Литмир - Электронная Библиотека
Содержание  
A
A

Сопрягая это знание и непосредственное впечатление, находим, что многоверхая и переменчивая, с мерцающим числом шатров Неопалимовская церковь есть образ Купины. Важны не ракурсы, а сумма, живое пламенеющее слитное движение, чтобы умные числа, способные передавать даже оттенки смысла, потеряли себе счет в огненном пламени самого Смысла, Слова.

Метафора, предложенная Кржижановским, продолжается, полнится этим смыслом, исполняется, и в этой полноте сгорает ее растерянно-насмешный пафос. Оказывается, в Путинках, из середины мнимой городской бессмыслицы говорит Бог, и путь, исход из путаницы начинается по Его слову, по Ему ведомому смыслу и во главе с Ним.

Let my people go

Веничка вышел на Савеловском, выпил для начала стакан зубровки, на Каляевской еще стакан, но кориандровой, а на улице Чехова (то есть на нынешней и преждебывшей Малой Дмитровке) — два стакана охотничьей. И пошел в центр, потому что у него всегда было так: когда он искал Кремль, то попадал на Курский вокзал, а ему ведь, собственно, и надо-то было идти на Курский вокзал, а не в центр, а он все-таки пошел в центр, чтобы на Кремль хоть раз посмотреть: все равно ведь, думал, никакого Кремля не увидит, а попадет прямо на Курский вокзал.

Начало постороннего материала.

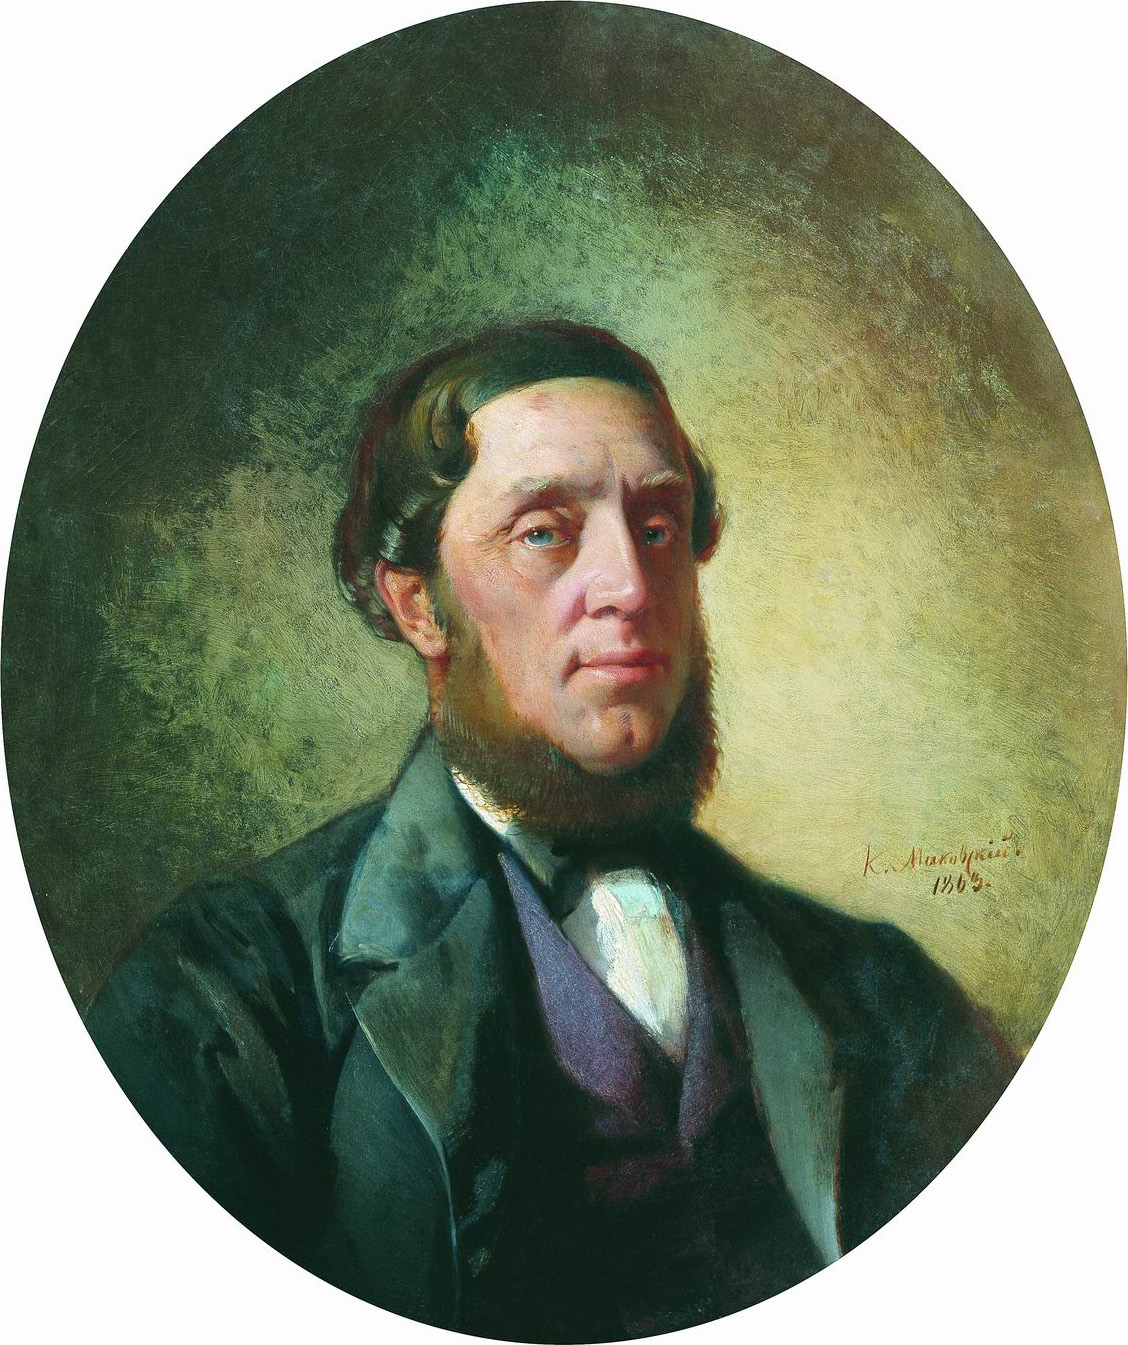 Маковский К.. Мужской портрет. 1863

Почему это так получалось у Венички, мы уже понимаем: он путался в Путинках, откуда в городе-путанице все и начинается. Наверное, во всякой точке умножения путей, а в нулевой тем более, подстерегает путешественника морок, зверем живущий под указательным камнем. Морок выбора — и морок ошибки — и морок позже, на ошибочном пути[10].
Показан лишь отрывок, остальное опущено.